Terry Allen & the Panhandle Mystery Band Album Review

Just Like Moby Dick (Paradise of Bachelors)

When he isn't dropping off truckloads of his work at every port in media, multidimensional artist Terry Allen splits the difference between imagination and experience. On Just Like Moby Dick, he hot-shots another off-the-radio-dial studio LP clean across a flat open road paved with cement sparkle and double lined with satire and tenderness. Whether he's Smokin' the Dummy (1980) or "Sailin' on Through" as the white whale does here on a lounge-chair-sage clincher, the ex-panhandler puts Allen on everything. Between his vocalist grit, with a little bit of nose and quiver, and slow-jounced piano chords, which laze back and forth like a beached, post-country Buffett adrift in sea shanty sway, there pools puddles of secret sauce – the words. Perhaps the first and possibly the last person in America's far country-swathed corners to rhyme "appendicitis" with "abandonitis," Allen's lyrical knack for looking sideways while smiling through a story enhances the daylight diffusion of the album's Carole King-esque studio lightness of being – aerated and mastered by Brooklyn-based Josh Bonati.
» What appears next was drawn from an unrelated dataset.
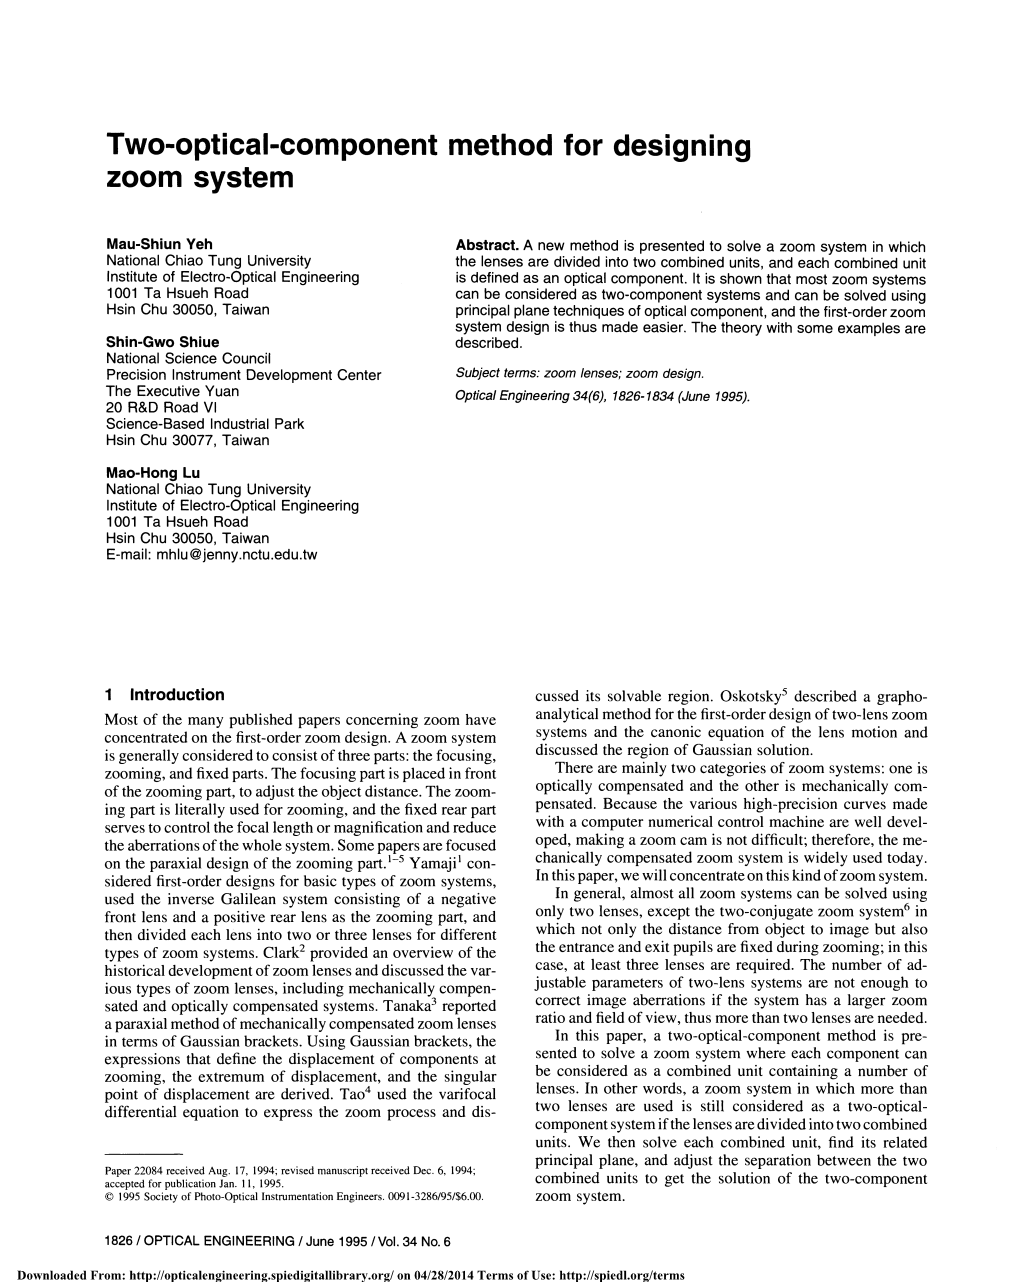 Two-Optical-Component Method for Designing Zoom System

Allen can't take all the credit for the fun, as it's a friends and family affair: Jo Harvey Allen, Bukka Allen, Bale Allen, and Kru Allen, not to mention co-producer Charlie Sexton, co-writer Joe Ely, and vocalist Shannon McNally, who steals the last leg of the show as she soars above the big top in "City of the Vampires," a carny polka stomp that creeps through the shadows like an inverted "Wonder of It All."